Chemerin is most prominently known for its receptor CMKLR1, expressed in dendritic cells and other components of the immune system. Its role in chemotaxis and attraction of immune cells towards the inflammatory response site is well known and hypothesized to contribute to carcinogenesis indirectly through the induction of inflammatory responses that turn the tumor microenvironment into a favorable state for carcinogenesis [64].

3.7. Osteopontin (OPN)

Osteopontin, also known as bone/sialoprotein I (BSP-1), is a large adipokine derived from the bone as it was firstly found as part of the normal bone tissue extracellular matrix, but is also expressed in a variety of other tissues from adipocytes to the placenta [65]. It is encoded by the SPP1 gene located in chromosome 4 (4q1322.1). Its role through the activation of integrins is biomineralization, chemotaxis, inflammation, and cell activation.

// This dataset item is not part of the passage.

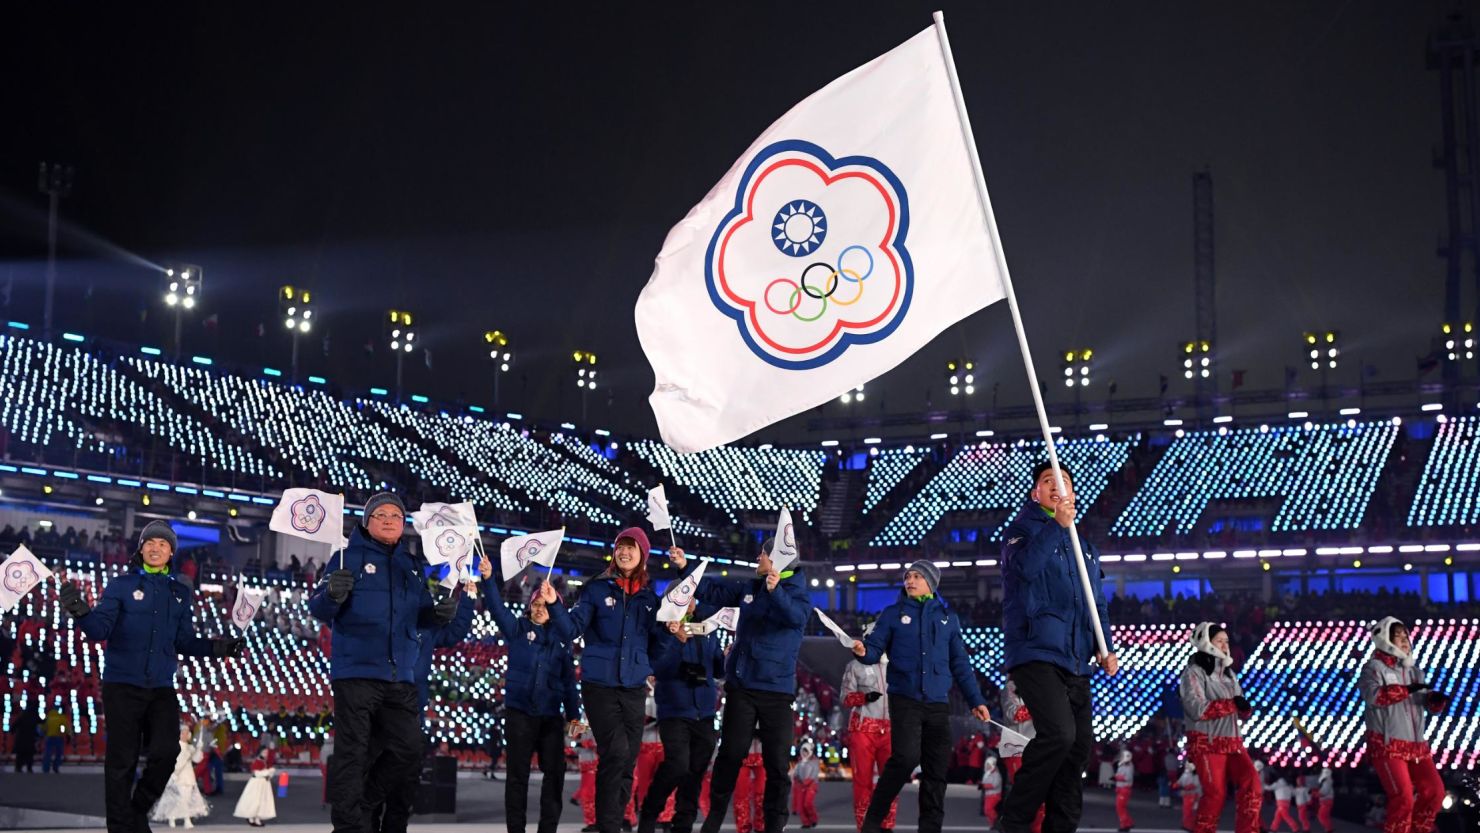 Flag bearer Te-An Lien of Chinese Taipei and teammates enter the stadium during the Opening Ceremony of the PyeongChang 2018 Winter Olympic Games at PyeongChang Olympic Stadium in South Korea. 
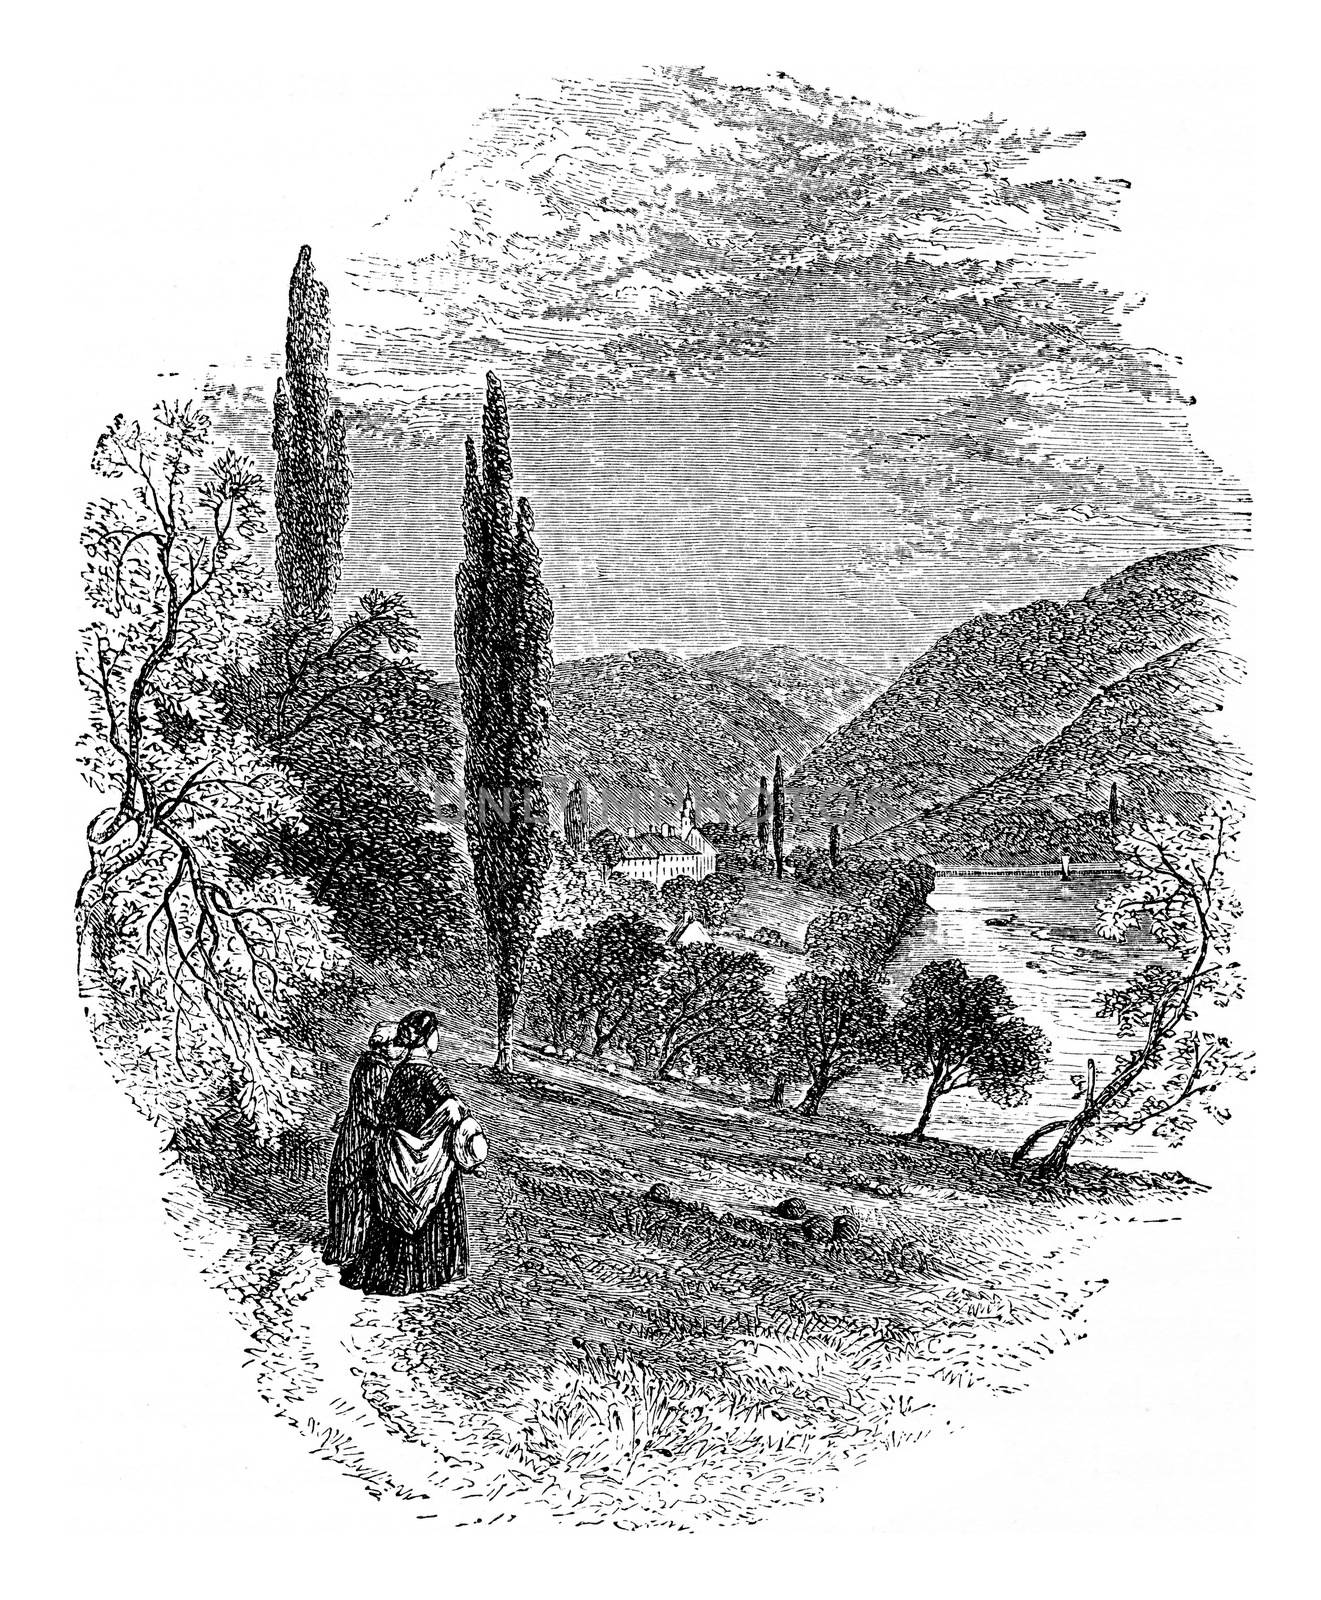 Neuburg Abbey, vintage engraved illustration. From Chemin des Ecoliers, 1861.

Osteopontin merits scientific research due to recent observations of its relationship to many diseases, from obesity and diabetes to a variety of cancer types [66] like breast cancer and hepatocellular carcinoma. Indeed, abundant expression of osteopontin has been associated with poor prognosis and low survival. In a meta-analysis by Hao et al. [67] (Table 2), the prognostic value of osteopontin was studied in breast cancer. The final analysis included 1567 breast cancer patients and the results underlined the strong correlation of high osteopontin levels and worse overall mortality. In addition, its splice variant-c expression appeared to be even more significantly associated with worse prognosis, making osteopontin and osteopontin-c candidates for future breast cancer prognostic markers.
Table 1. Included Studies.
Table 2. Summary of the role of adipokines in carcinogenesis.
Adipokine Proposed Implications in Carcinogenesis
Adiponectin Decreased levels of adiponectin are associated with carcinogenesis. Protective effects through the AdipoR1 and AdipoR2 receptors. Downregulation of HIF-1. Activation of MPK.
Leptin Activation of JAK/STAT and PI3k/AKT pathways that induce proliferation. Induction of angiogenesis through VEGF stimulation. Contributes to EMT that produces CAFs.
Resistin Pro-glycolic adipokine that promotes inflammatory response via NF-κB and PI3K pathways.
Visfatin Activates the ABL proto-oncogene 1 the STAT3 pathway and upregulates mRNA levels of cyclin D1 and CDK2.
Lipocalin-2 Pro-inflammatory response, capable of inducing EMT.
Chemerin Angiogenic and proliferative properties. Binds to the CMKLR-1 receptor. Increased levels seem to exert anti-oncogenic effects.
Osteopontin Activation of integrins, pro-inflammatory adipokine. Associated with worse survival rates and mortality.